Что в машине остался рюкзак, на дне которого лежали деньги, а в кармане — ее почти годный паспорт на имя гражданки Розенберг, Танька вспомнила несколько позже. Когда обнаружила себя расплачивающейся — пятнадцать рублей — за маршрутку до Москвы. В кошельке лежало еще двести долларов и порядка пяти тысяч рублей. Немаленькая сумма для уборщицы тети Тани. Смешные гроши для Таньки, которой нужно было добраться до Маршала. Ее счет вырос вдвое.

Одиннадцать тысяч рублей и пистолет с полной обоймой — двадцать четыре патрона. Сомнительные навыки стрелка. Неопределенная компания, ухитрившаяся подложить в машину какое-то взрывное устройство.
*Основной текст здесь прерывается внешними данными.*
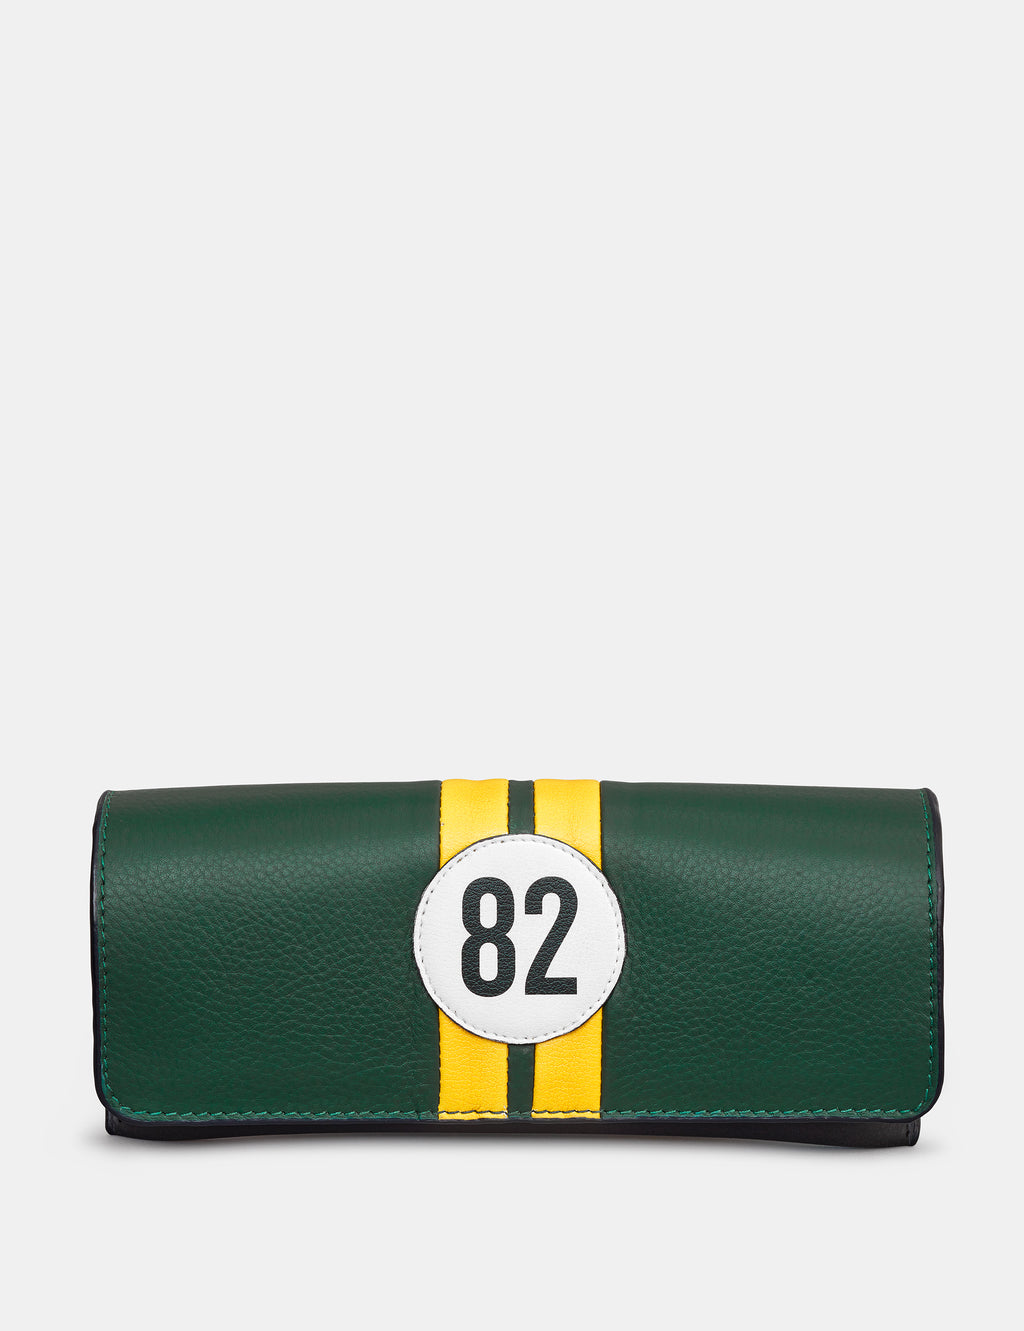 Car Livery No. 82 Leather Glasses Case
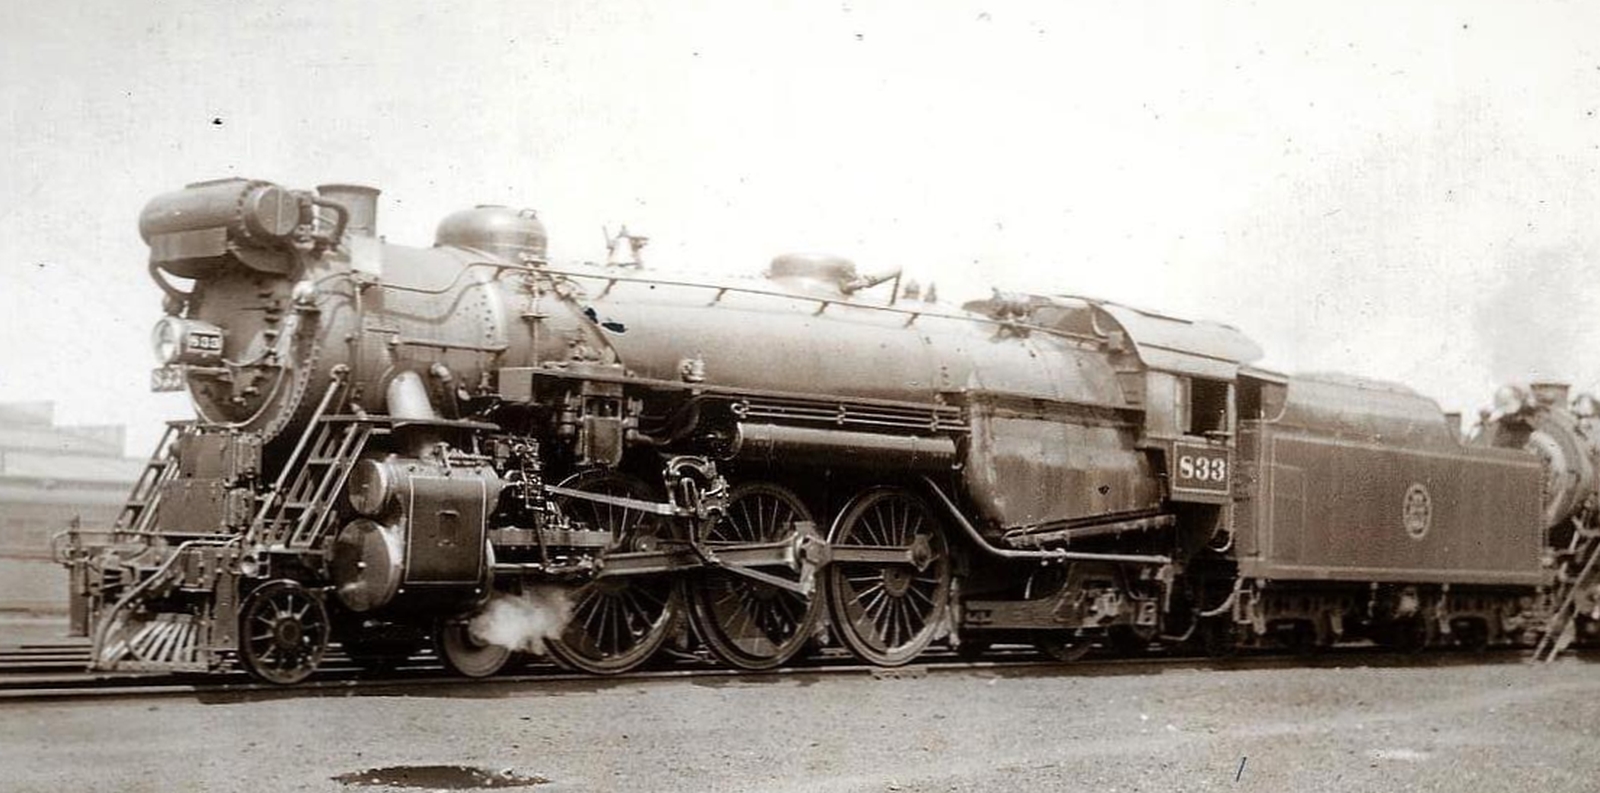 No. 833 in December 1937 at Atlantic City, New Jersey

И еще Скиннер где-то на горизонте.

Просто обалдеть!

Танька обнаружила, что стоит возле метро и хохочет на всю улицу. Кто-то оглянулся на нее — Танька поймала почти равнодушный взгляд, которым москвичи скользили по различным странным субьектам, встречавшимся им на пути. Взять себя в руки оказалось легко. На те тридцать секунд, которые она оглядывалась вокруг, пока ее взгляд не натолкнулся на вывеску «Макдональдса».

У нее еще хватило сил задержать тошноту на те несколько шагов, которые понадобились, чтобы зайти за палатку с мороженым. Там ее вывернуло почти наизнанку.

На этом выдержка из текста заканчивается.